Similarly, the US would make a far more serious contribution to Middle East peace if, instead of giving Ariel Sharon a blank check for Israeli expansion, it would instead actively support the Geneva Accord which provides for a two state solution that is respectful to the fundamental needs of both sides.
The key is for Kerry to articulate a vision of a world in which the ethos of cooperation and generosity have replaced the ethos of domination over the other as the primary way to achieve security. The problem with liberals in the past is that they have backed away from their own more idealistic views when challenged. But a powerful defense of an ethos of generosity as a path to security could be coupled with a withering critique of the failure of the path of militarism. And it is precisely this approach which might allow Americans to consider switching paths in mid stream.

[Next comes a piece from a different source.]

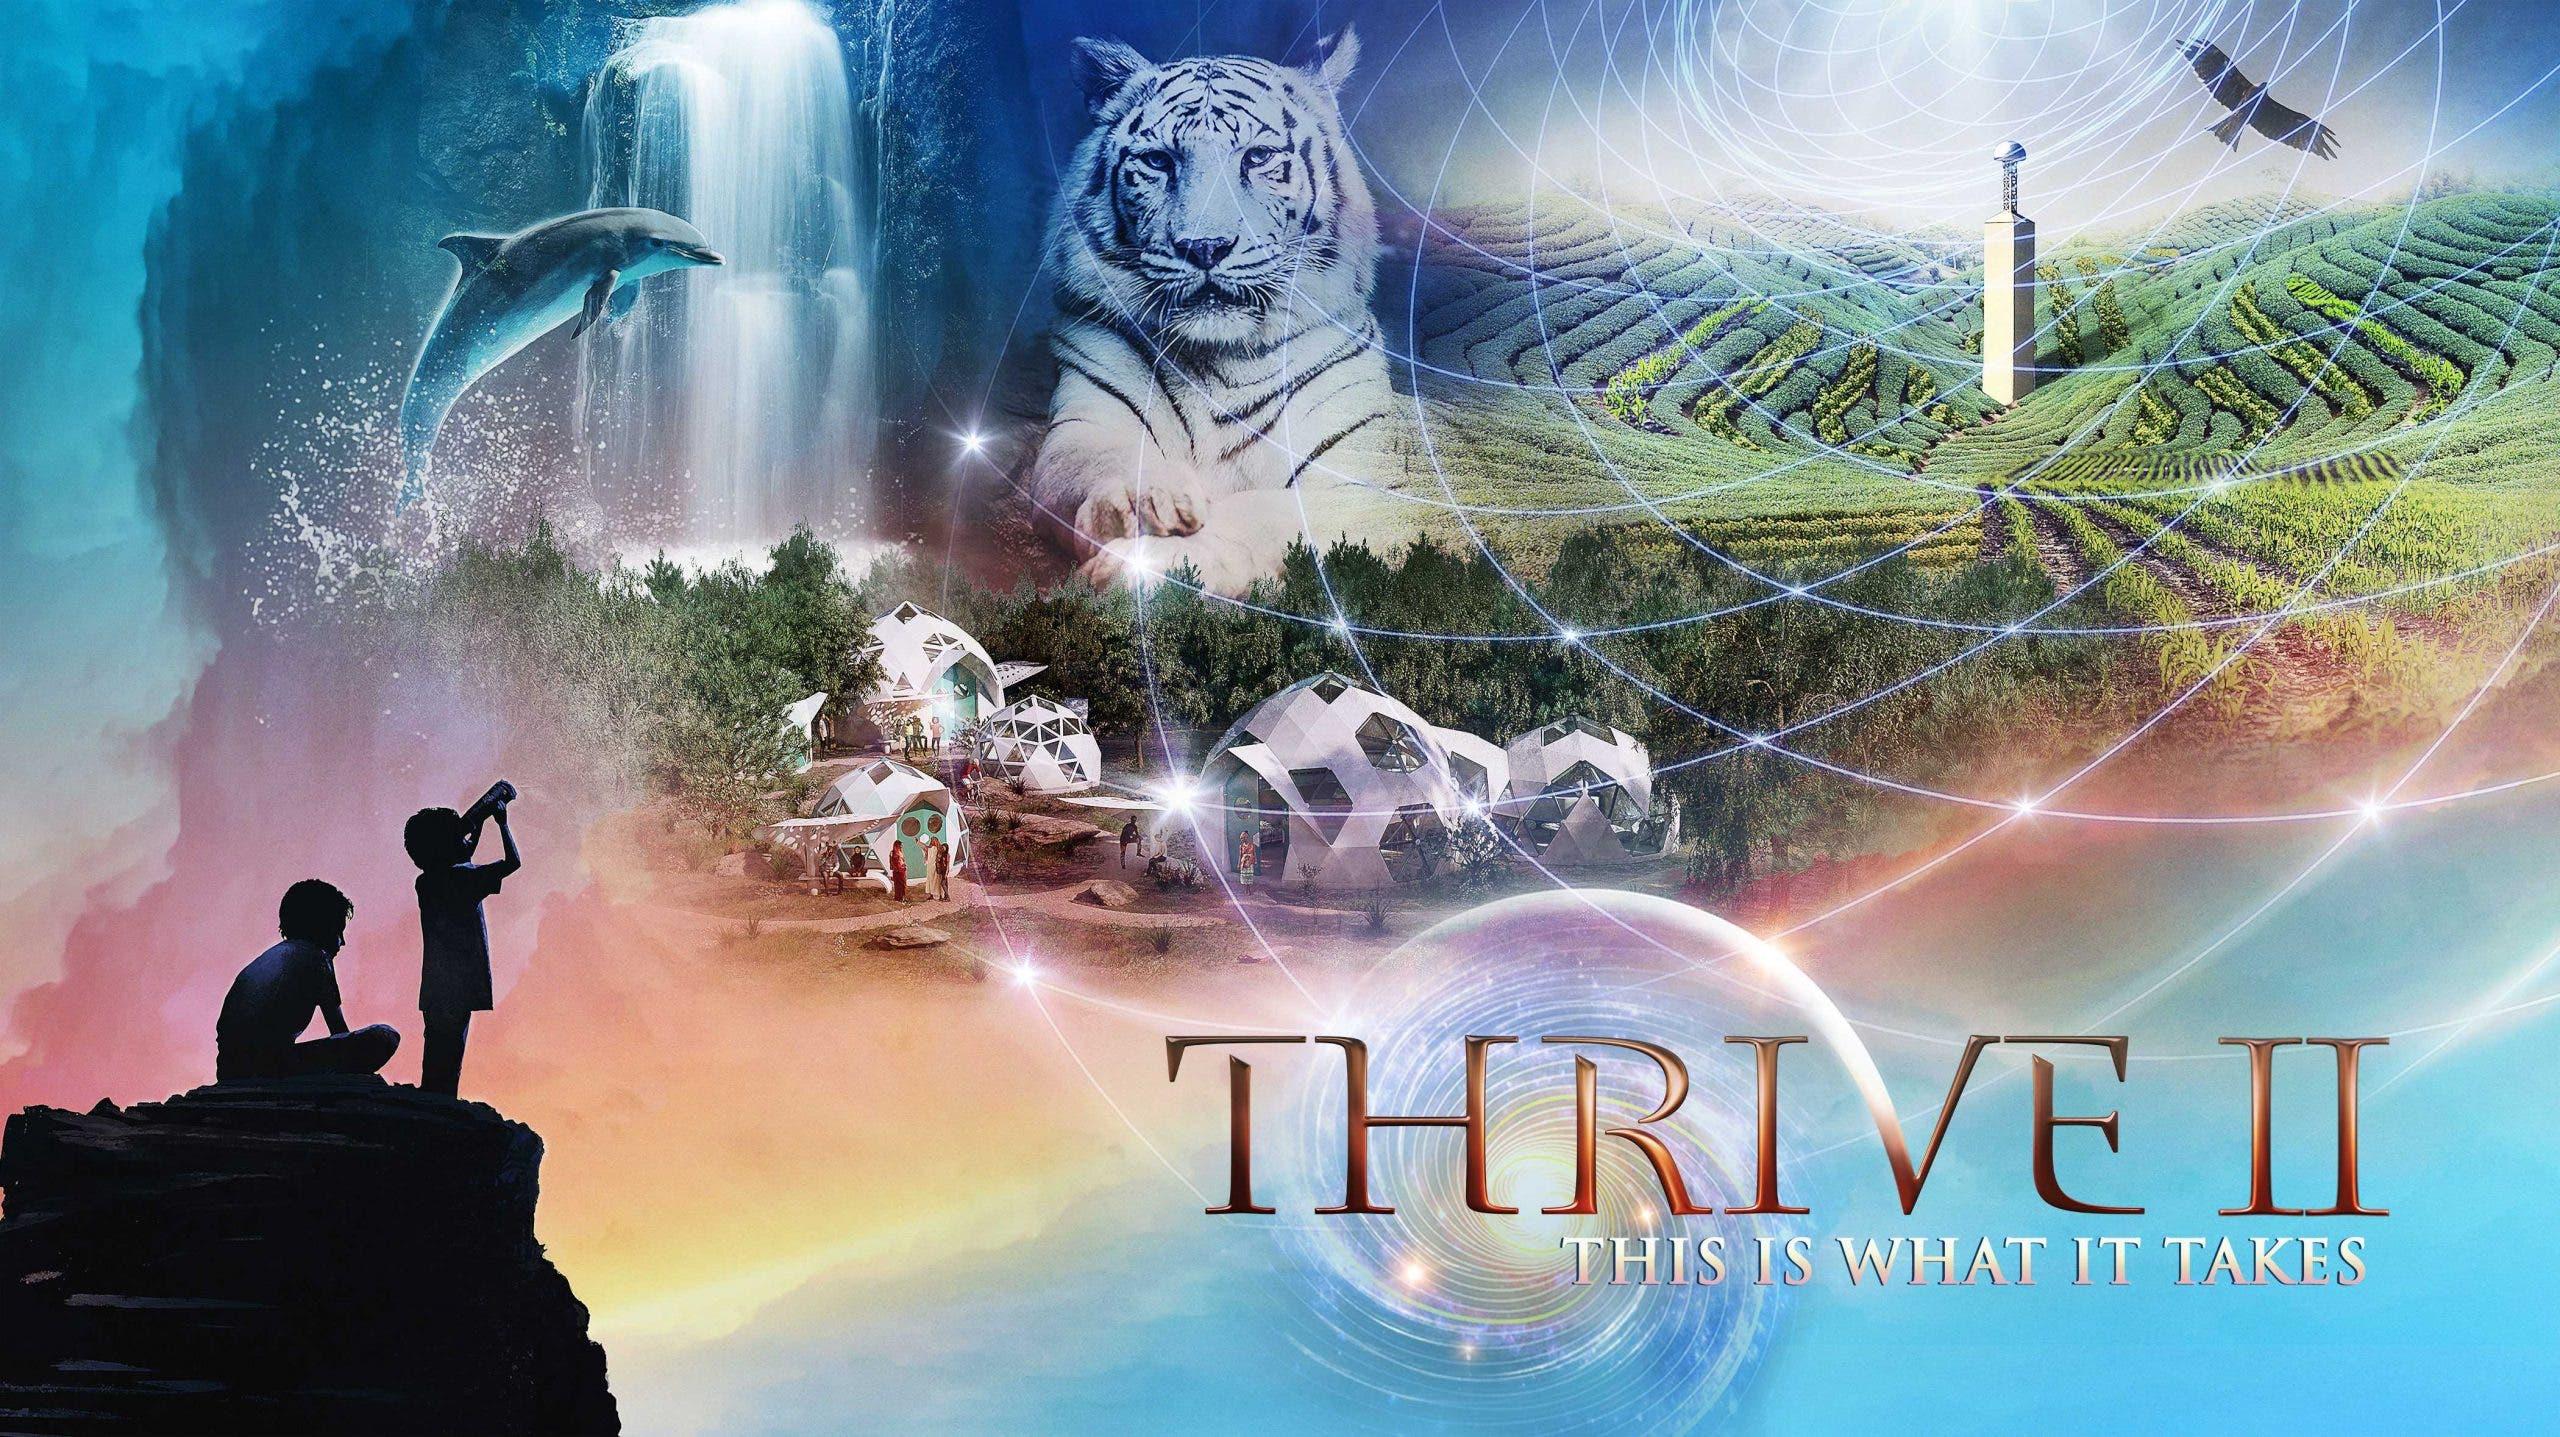 Thrive II

Unless Senator Kerry does make a change of this sort, the appeal of Ralph Nader will grow among those who are no longer willing to accept militarism at the center of American life. Recent polls showed Bush with 48% of the vote, Kerry with 43% and Nader with 6%. That 6% could be the difference between winning and losing for Kerry. For a significant number of people attracted to Nader, the failure of Kerry to articulate and fight for a substantially different approach to foreign policy is decisive. Some recognize that Israel's best interests lie in peace, not conflict, and so are deeply dismayed that Kerry has aligned himself with the most right-wing sections of the Jewish world in the U.S. by signing on to the Bush/Sharon Axis of Occupation. It will be very hard for those who know that the Jewish people have been facing escalating levels of anti-Semitism as a result of feeling the need to defend Israeli policies that are repressive and self-destructive to get enthusiastic over a Kerry candidacy which promises to support the very right-wing forces in the Jewish world that got us into the mess in the first place. Others are concerned that staying the course in Iraq will lead to a return of the draft in the United States and an endless quagmire. If Kerry cannot provide a different path, many of these people will find themselves choosing between not voting at all or voting for a protest candidate.
On both principled and pragmatic grounds, Senator Kerry should chart a visionary approach to foreign policy. We in the Tikkun Community invite him to meet with us to discuss the way that these directions might be articulated in the coming months.